(WASHINGTON) — With the number of fully certified air traffic controllers at a 27-year low, the nation’s flight grid is severely understaffed, and if left unchecked, could lead to delays nationwide, the Air Traffic Controllers’ union warned during a round table in Washington Tuesday.
Though the safety of the system is not at risk, National Air Traffic Controllers’ Association Vice President Trish Gilbert said the FAA has reached a “staffing crisis,” prompting the association to call for a Congressional hearing into the matter.
Since September 2012, the number of certified air traffic controllers has decreased by about 7.5 percent, from 11,735 in 2012 to just 10,859 in 2015. About 30 percent of current staffers are eligible for retirement, according to NATCA. To make matters worse, NATCA says, the FAA failed for the fifth year in a row to meet its hiring goals.

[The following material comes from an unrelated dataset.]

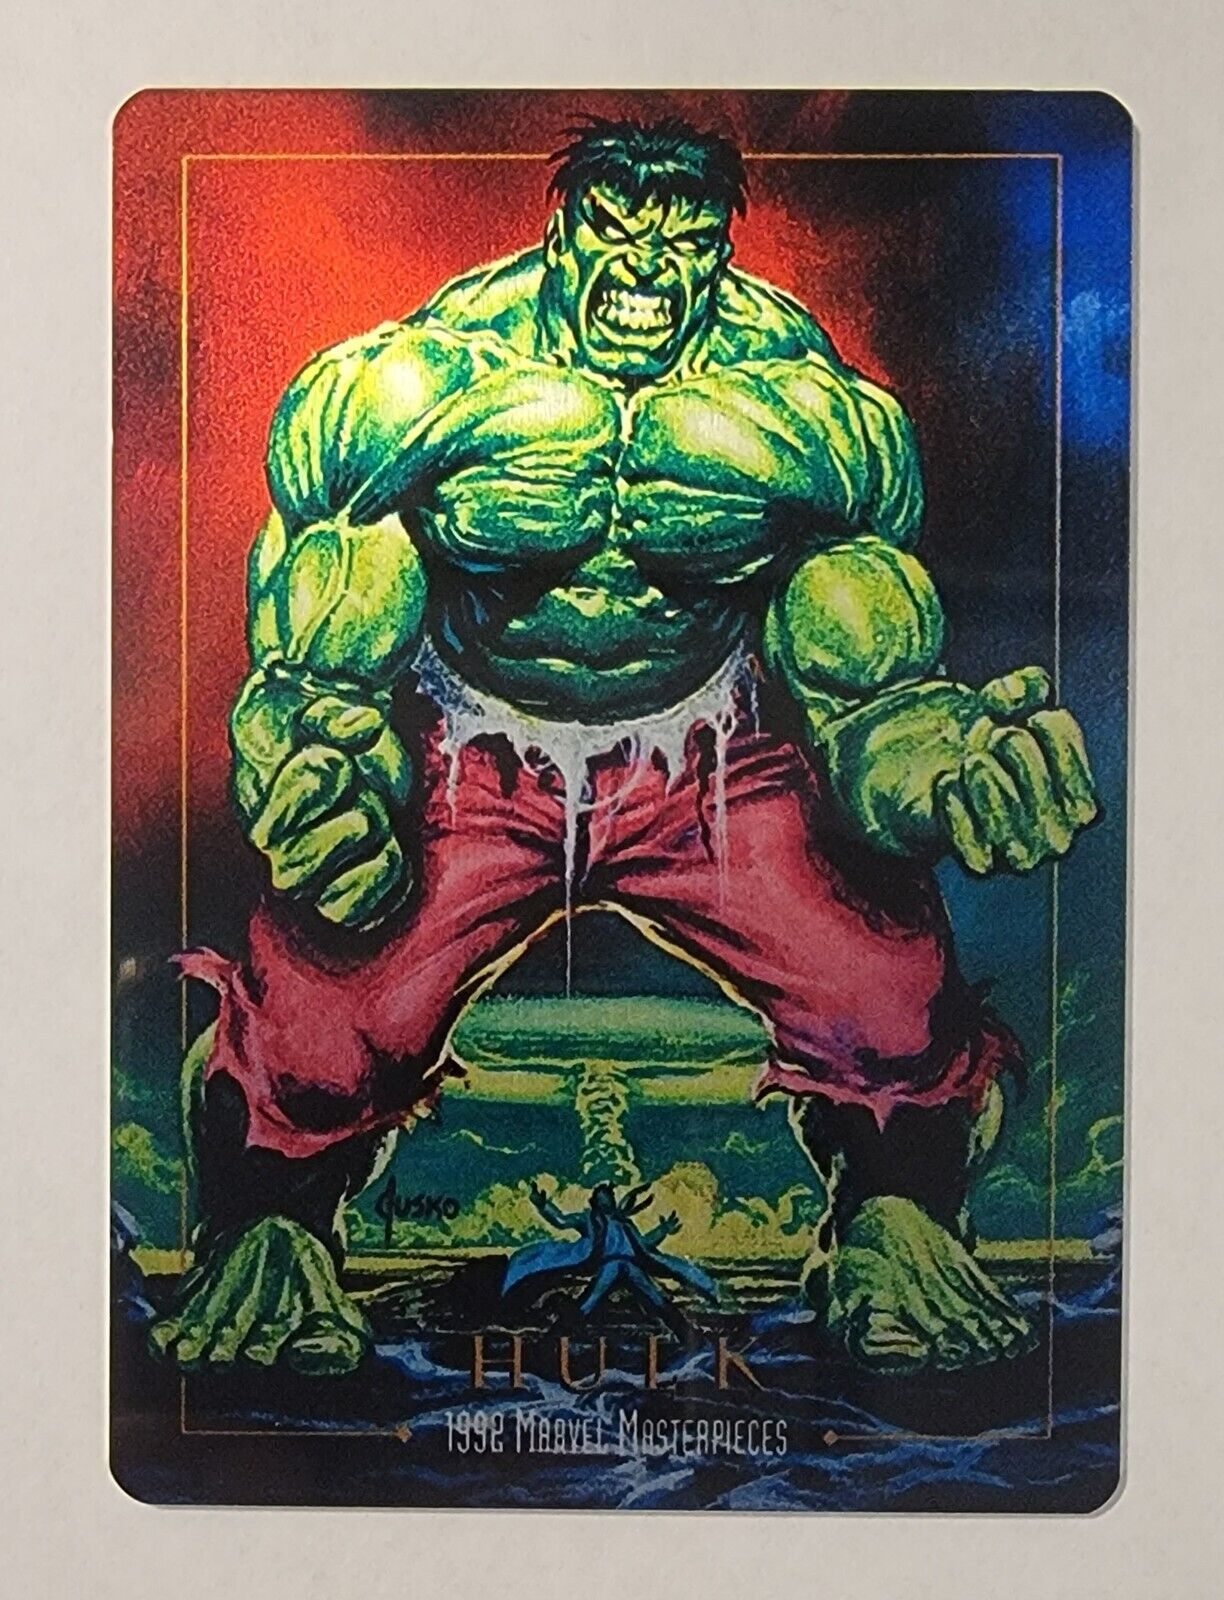 2023 1992 Marvel Masterpieces Metal Hulk Card FPG Jusko Kickstarter /2000

In several particularly hard-hit areas, like Dallas, Chicago, New York and Atlanta, facilities are operating with 25 percent to 45 percent fewer controllers than needed.
“That’s not acceptable,” Gilbert said.
According to NATCA, chronic short-staffing prevents the FAA from pulling controllers off the board to help research vital new technologies like NextGen, a satellite-based tracking system that could shorten routes, potentially saving time and fuel and boosting safety. It also forces many controllers to work mandatory six-day weeks, which can lead to fatigue.
NATCA says the FAA’s “bureaucratic inertia,” coupled with uncertain funding, make it difficult to hire new recruits. Even when new employees are hired, the FAA often places these workers in high-stress environments where they can’t succeed, forcing them to drop out instead of working their way up the ladder.
“That’s not fair,” said Gilbert, noting that the agency should also work to facilitate transfer requests from employees who want to move from highly-staffed areas to locales with unmet needs.
If the FAA doesn’t address the shortages, passengers could begin to see the kind of delays the country experienced during the sequestration in 2013, Gilbert warned. (During one week of furloughs, a whopping 12,760 flights were delayed, three times more than the flights delayed that same week the following year.)
Of course, hiring new employees today won’t solve the immediate problem. It takes two to four years to certify as a controller — and only about three-quarters of those who complete training make it to certification.
The FAA did not immediately respond to ABC News’ request for comment.